Looks like I just ruined the finish on a pair of "brass" bits. Does anyone have experience with having their snaffles replaced? 

I've literally had them for four hours. WTF. Why do I do these things!?


----------



## nonartful dodger (Nov 24, 2011)

Dieu et les Dames, post a photo before doing anything else. Good advice from might save you from having the take the replacement route. When I wore bit loafers, I goofed up the finish on a pair. With some creativity, I was able to correct my mistake.


----------



## Trad-ish (Feb 19, 2011)

I looked at these AE's on Ebay that are missing the bits. Still too expensive though.


----------



## Doctor Damage (Feb 18, 2005)

nonartful dodger said:


> post a photo before doing anything else


Agreed - let the rest of us take a look first as we all have differing experiences, etc.


Trad-ish said:


> I looked at these AE's on Ebay that are missing the bits. Still too expensive though.

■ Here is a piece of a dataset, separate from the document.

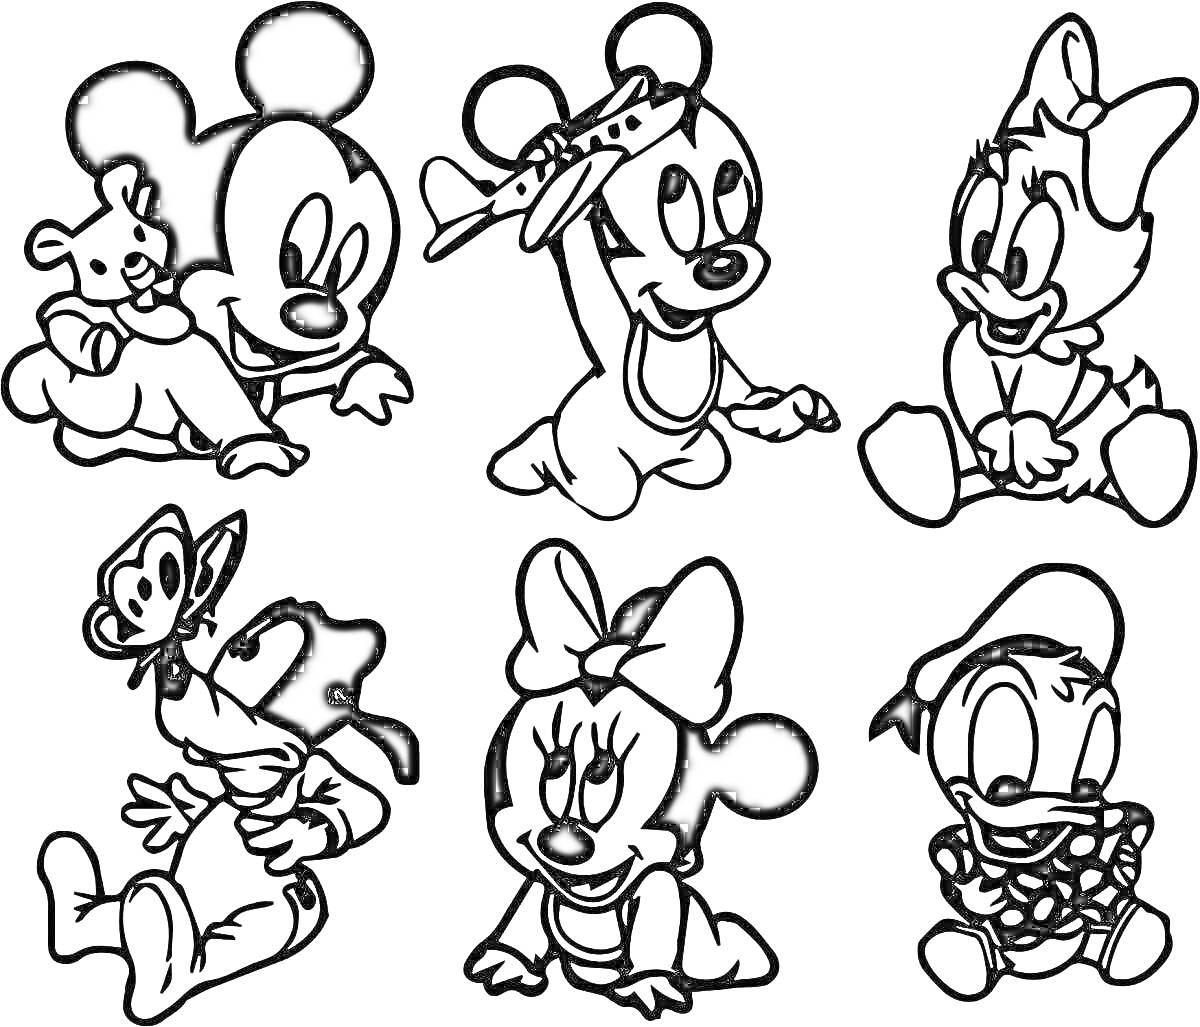 Раскраска Маленькие мультяшные персонажи: Микки с игрушкой, Микки с самолетиком, малышка в сетчатом платочке, малыш с бабочкой на носу, мини с бантиком, утенок в платочке.

Just buy them new. The Verona is an excellent shoe but the soles are thin and the uppers relatively soft, so you want to get them new to have the maximum life from them and allow them to mold to _your_ feet. Get them new and put topy on the soles and they will last 5+ six years worn twice a week and they will be your most comfortable shoes.


----------



## Dieu et les Dames (Jul 18, 2012)

The metal responded very poorly to brass polish.

They originally had a gold tone all over and now it's worn through in prominent places to reveal a silver tone.


----------



## Doctor Damage (Feb 18, 2005)

^ Put it out of your mind. That's just patina and it's the equivalent of old brogues with some scrapes and stains. It's like a 50 year old woman who is sexier than a 20 year old woman because she knows who she is, knows what she wants, and knows all the tricks.


----------



## Tilton (Nov 27, 2011)

Deal sleds only close deals if they look like they were ridden hard and put away wet, not if they look like you pamper them. Half the statement of wearing them is "yes, they're expensive, and no, I don't baby them." They'd get that way eventually, anyway.


----------



## Dieu et les Dames (Jul 18, 2012)

Thank you both for the assurance and especially the enthusiasm. 

I'm going to wear my deal sleds with confidence tonight :aportnoy:


----------



## nonartful dodger (Nov 24, 2011)

Perfect advice from Doctor Damage and Tifton.


----------



## Trip English (Dec 22, 2008)

Tilton said:


> Deal sleds only close deals if they look like they were ridden hard and put away wet, not if they look like you pamper them. Half the statement of wearing them is "yes, they're expensive, and no, I don't baby them." They'd get that way eventually, anyway.


This is the essence of the thing.


----------



## Trad-ish (Feb 19, 2011)

Doctor Damage said:


> Agreed - let the rest of us take a look first as we all have differing experiences, etc.
> 
> Just buy them new. The Verona is an excellent shoe but the soles are thin and the uppers relatively soft, so you want to get them new to have the maximum life from them and allow them to mold to _your_ feet. Get them new and put topy on the soles and they will last 5+ six years worn twice a week and they will be your most comfortable shoes.


That's just what I was getting to. By the time I buy the Ebay Veronas, the replacement bits and pay to have them installed then I'm 2/3'rds of the way to brand new Veronas. I'd just as soon by new at that point.


----------